If you’ve been to church at some point in your life, you have heard the words, “mercy and grace.” For years I thought they were sort of the same thing. And it seemed that often speakers I would hear would likewise think they were the same, interchanging one word for the other.
But a few years ago, I heard a simple (I like simple.) explanation of the two words and their subtle differences. Simply, mercy is not getting what you deserve, while grace is getting something you don’t deserve. Maybe a couple of personal examples from years ago will better explain.
Let’s start with mercy, not getting what you deserve. I think I was around a Freshman back at Clement High School. A few of us guys were hanging around in the gym. I’m not certain what was going on. As we were horsing around, one of my buddies, dared me to see how heavy the fire extinguisher was that was hanging on a post near the gym floor. Once dared, you always had to respond, no matter how stupid the dare may have seemed. So I pushed up hard on the long canister fire extinguisher, thinking that it must be heavy.
It was not. The fire extinguisher came flying out of the rack that was holding it and fell sharply to the floor. That was bad. What followed was worse. The jolt of it hitting the floor caused the foam to start pouring out of the fire extinguisher. The foam was going everywhere. Of course, my friends, being true friends, were laughing and offered no help at all. I grabbed the extinguisher and tried to turn it off, but I couldn’t. The foam was pouring out of the nozzle. I turned around with the extinguisher and with the nozzle in my hand, not realizing that someone was coming up to try to help me. As I turned around, the foam coming out of the fire extinguisher sprayed on that person, and got the foam on his jacket. That person was Mr. Gillis, the principal.
Yes, I had just sprayed the principal with fire extinguisher foam. I was in trouble. I may not have meant to, but I was in trouble. Not only had I made a mess with the fire extinguisher, (I cleaned it up the best I could.) but I had ruined Mr. Gillis’ jacket. Obviously, my parents were not thrilled when I told them. I knew I would have to pay whatever the cost of the jacket out of my own pocket.
After a night of little sleep, I went the next day to the principal’s office to meet with Mr. Gillis. He told me he knew I didn’t mean to do it, but that I should have known better. Then he told me not to worry about his jacket, that it was old and he needed a new one. I deserved to at least pay for his jacket. He showed me mercy that day, and I have never forgotten.
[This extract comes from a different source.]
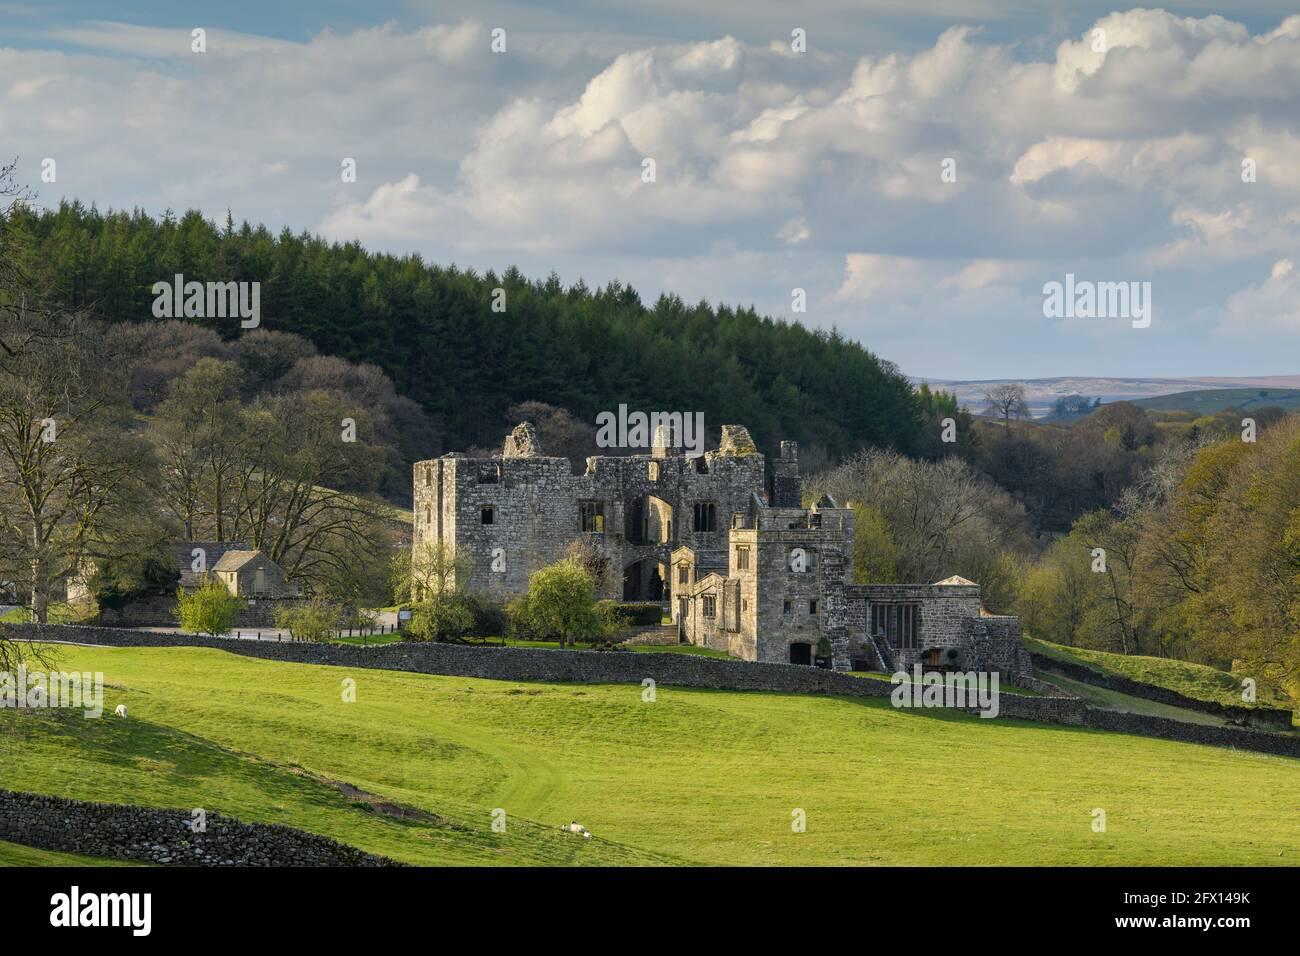 Barden Tower (antigua e histórica casa de caza arruina en un hermoso entorno rural) - pintoresca finca rural Bolton Abbey Estate, Yorkshire Dales, Inglaterra, Reino Unido. Foto de stock

Now a simple example of grace, getting more than I deserve. As a kid, when we were barning tobacco during the summer, all the workers would get a soft drink in the morning at break time. But often I would get more. As I was driving a tractor load of tobacco back to the barn from the field, Daddy would sometime stop his truck to give me a carton of milk and a honey bun. I would quickly finish them off before I got to the barn so no one else could see it. I got more than I deserved. And I have never forgotten that grace from my father. That didn’t mean I didn’t have to work hard, or that I didn’t ever get punished for misbehaving. But those years, my father many times showed me grace, getting more than I deserved, and mercy, not getting what I deserved.
The grace and mercy you may hear from a pulpit also refers to a father, our heavenly Father. We all, in our own way, have rebelled against God. It is called sin. The punishment for sin is death. But God has shown us mercy and has removed the penalty from us, through the death of Jesus Christ. And by accepting his death on the cross, we can also receive grace and the blessings of salvation and a life lived in his presence.
When folks call into money manager Dave Ramsey’s radio program, they will often ask how he is doing. His response is almost always, “Better than I deserve.” We who have accepted the gift of salvation probably should use the same response when asked. We’re not getting what our sinful actions say we should deserve. And we’re getting blessings from God that we have done little to deserve. It’s mercy and grace. And I’m much better than I deserve because of it.